PLA Officer: China Must Establish South China Sea ADIZ; Will “Fight When Appropriate”

Submitted by Zachary Zeck via The Diplomat,

A senior researcher and officer in China’s People’s Liberation Army said that establishing an Air Defense Identification Zone (ADIZ) is essential to China’s national interest.

“The establishment of another ADIZ over the South China Sea is necessary for China’s long-term national interest,” Senior Colonel Li Jie, a researcher at the PLA Navy’s Military Academy and frequent media commentator, said on Friday, according to a report in Reuters.

Li’s comment seemed to be slightly inconsistent with a statement from China’s Foreign Ministry back in February, which dismissed Japanese media reports that said China was preparing to establish a South China Sea ADIZ. That statement, however, seemed to leave open the possibility that China might do so in the future.

When initially announcing its East China Sea ADIZ, Chinese officials readily admitted that they intended to establish other ADIZ over other areas in the future.

Li’s remark came in the context of a discussion about remarks made by U.S. Captain James Fanell, director of intelligence and information operations at the US Pacific Fleet. As The Diplomat previously reported, at a recent U.S. Naval Institute conference Capt. Fanell said that the PLA had held a drill to practice defeating Japan’s Maritime Self Defense Forces in the East China Sea as a prelude to seizing the disputed Diaoyu/Senkaku Islands.

In that same speech (see video below) Fanell also predicted that China would establish an ADIZ in the South China Sea by 2015 at the latest. Li characterized this remark as America’s attempt to deter China from establishing a South China Sea ADIZ.

On Thursday, however, the Pentagon distanced itself from Fanell’s remarks, with Pentagon spokesperson Rear Admiral John Kirby saying that “those were his views to express.” Kirby continued: “What I can tell you about what Secretary Hagel believes is that we all continue to believe that the peaceful prosperous rise of China is a good thing for the region, for the world.  We continue to want to improve our bilateral military relations with China.” Indeed, Army Chief of Staff Ray Odierno is currently in China meeting his PLA counterpart.

Li said that the Pentagon’s decision to distance itself from Fanell’s comments was a tactical move on the part of the U.S. “It’s a typical U.S. diplomatic strategy,” Li said, according to Reuters. “Washington is very concerned about the tension developing in the South China Sea, which will relate to its strategic interests.”
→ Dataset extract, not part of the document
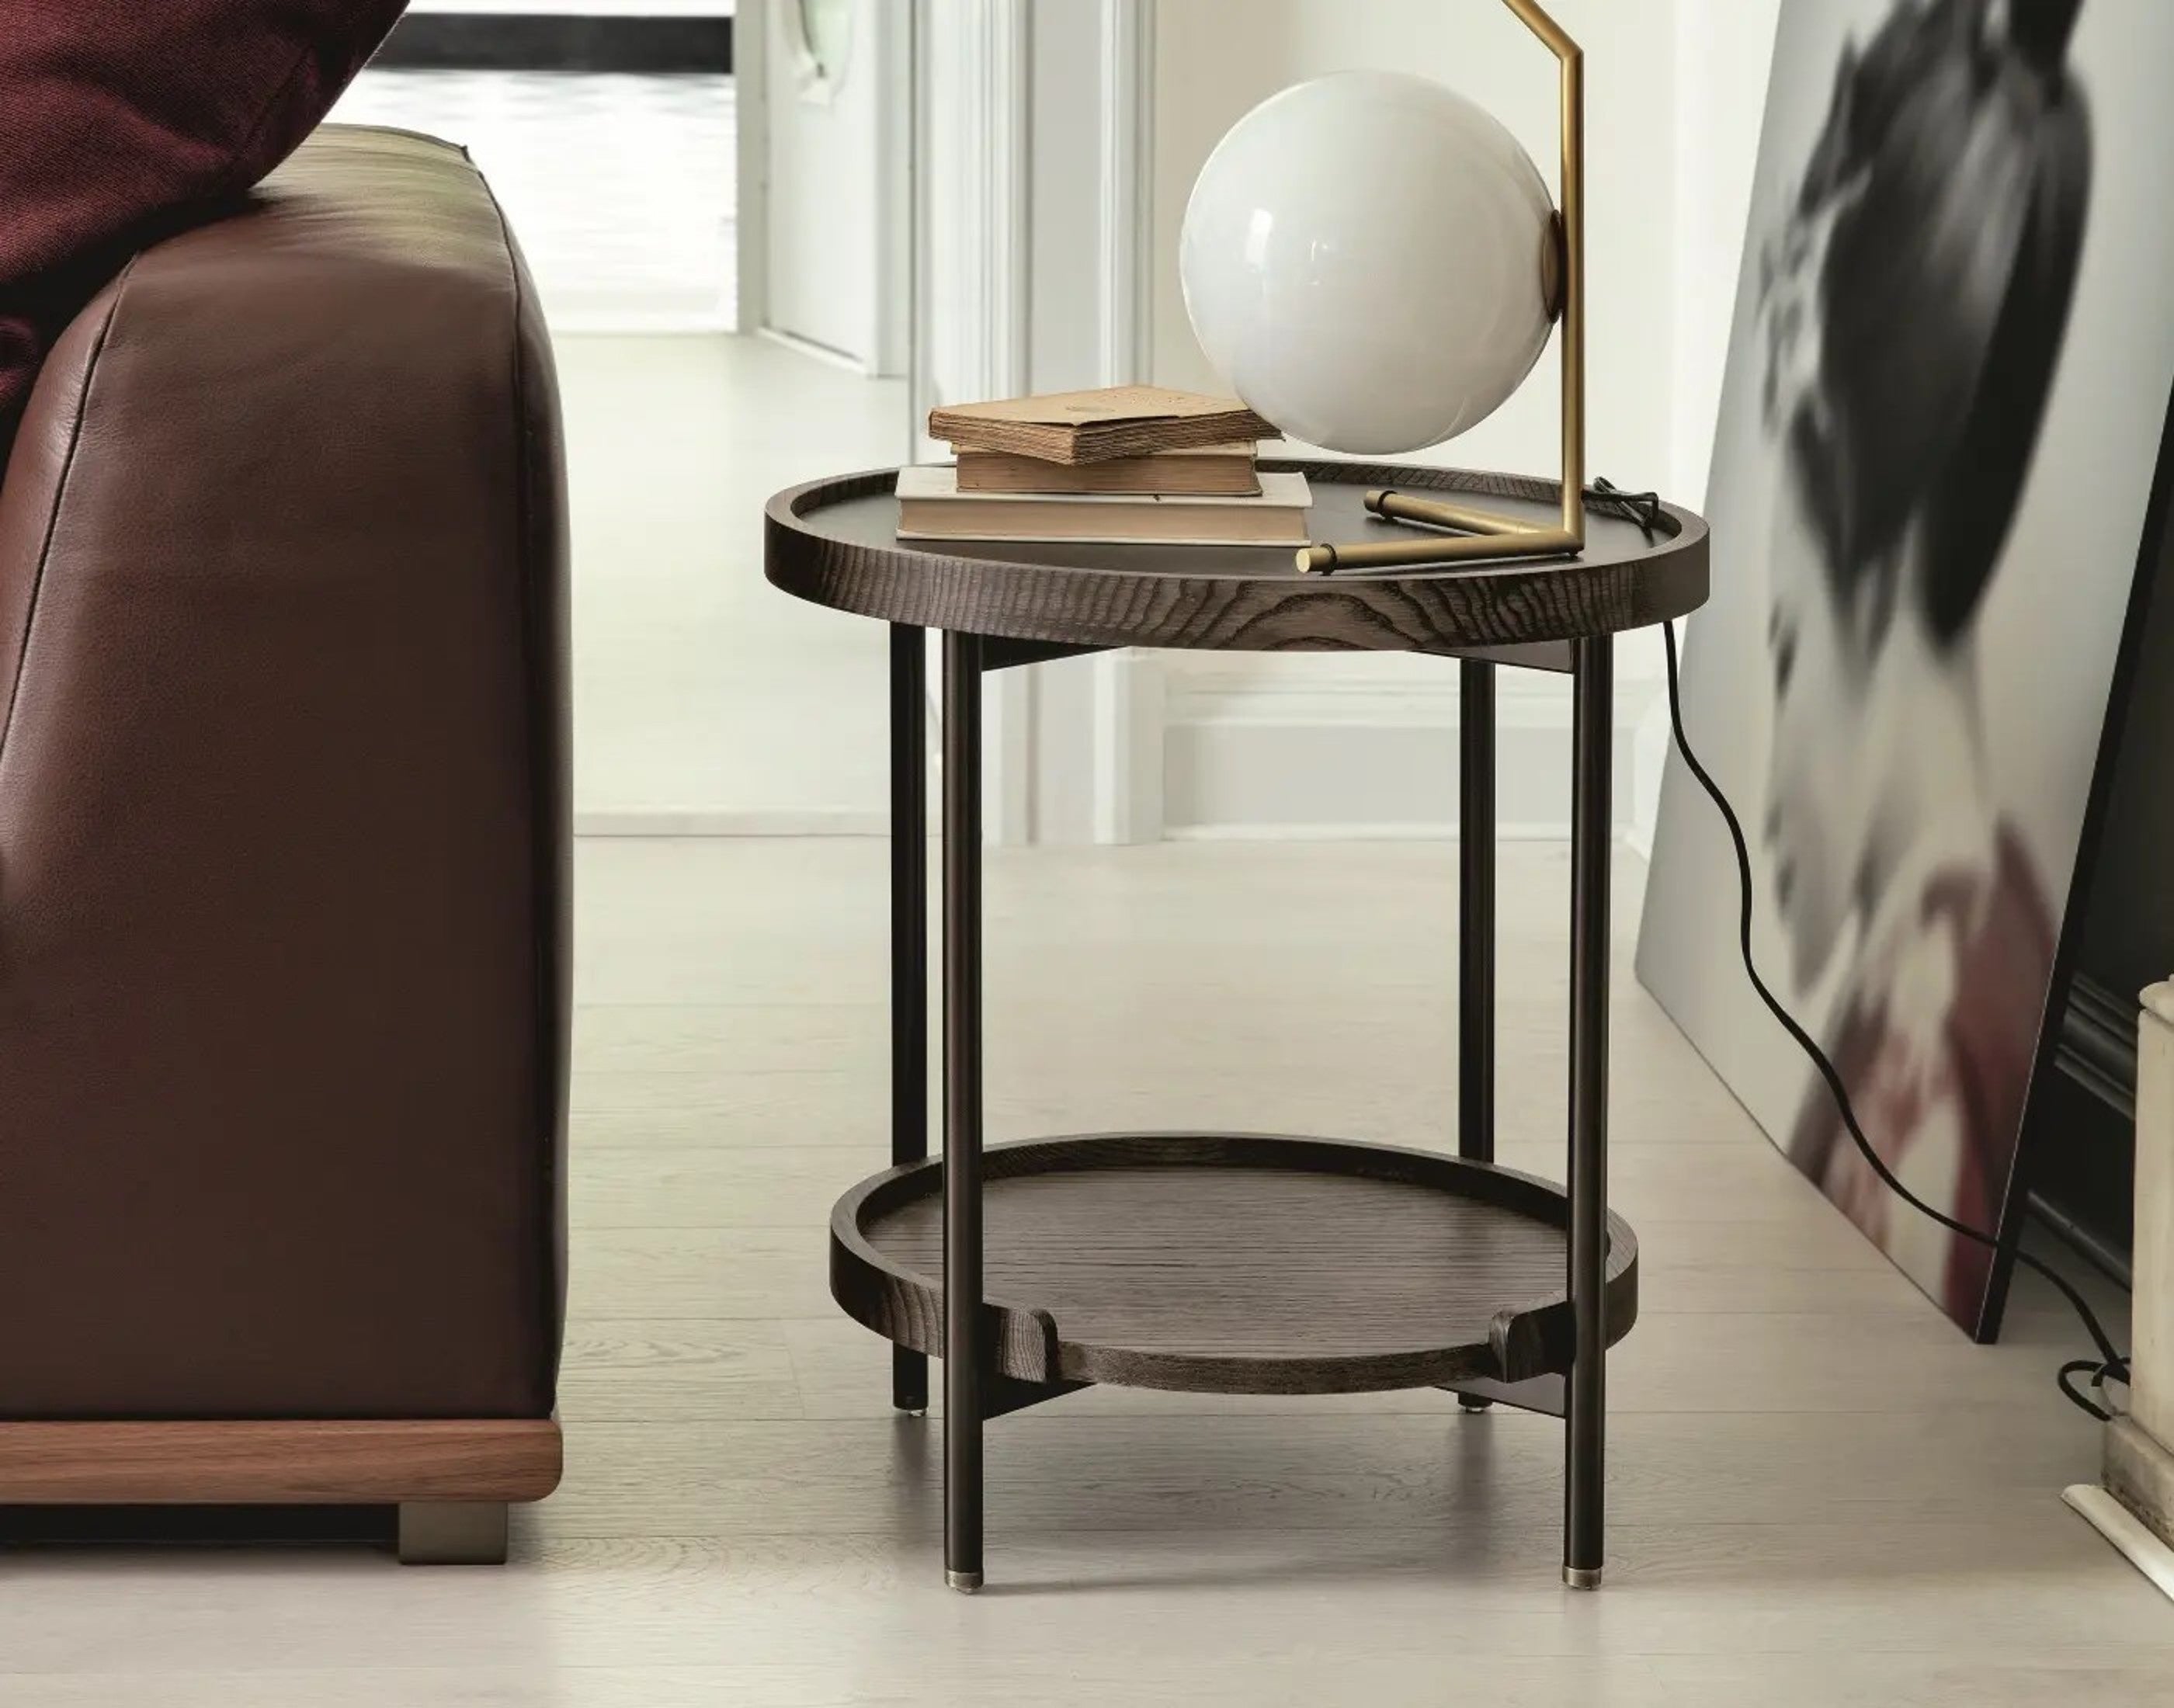 KOSTER 50 WOOD - Side Table

It’s worth noting that Rear Admiral Kirby distancing the Pentagon from Fanell’s remarks was likely referring in particular to the latter’s comments about China’s military forces training to defeat Japan’s MSDF in the East China Sea.

Fanell’s remark about China’s interest in establishing a South China Sea ADIZ was much less controversial and in fact broadly consistent with the comments made by numerous senior officials in recent months. As far back as last December, Secretary of State John Kerry stated: “Today, I raised our deep concerns about China’s announcement of an East China Sea Air Defense Identification Zone…. The zone should not be implemented, and China should refrain from taking similar unilateral actions elsewhere in the region, and particularly over the South China Sea.”

Here’s a video of the panel in which Capt. Fanell made his blunt assessment. Fanell begins speaking around the 19:00 minute mark, right after The Diplomat’s own Naval Diplomat gives his remarks, which we republished here.

 

and then this most recent note from sources

Chan Kai Yee of China Daily Mail, a blog with no connection to Beijing, Feb. 22, 2014, provides the following summary translation of an article in Qianzhan.com, a Chinese-language news site headquartered in the city of Shenzhen in China’s southeastern Guangdong province, with offices in Beijing and Hong Kong:

Quite a few people have said that the conflict over the Diaoyus (known as Senkakus in Japan) has passed the stage of oral confrontation and what follows may very probably be direct military conflict.

 

It is especially so as, relying on US support, Japan is obviously declaring war against China already.

 

Sources say that China’s Central Military Commission has directly given Chinese military the instruction: “Fight if it is appropriate to fight.”

 

Sources pointed out that they had received information that Xi Jinping, Chairman of the Central Military Commission, gave a relevant warning to a Japanese economic and trade delegation that recently visited China.

 

Xi specially pointed out to the delegation when he met them, if Japan kept provoking China and thus gave rise to an unstable situation, it alone has to be responsible for all the consequences.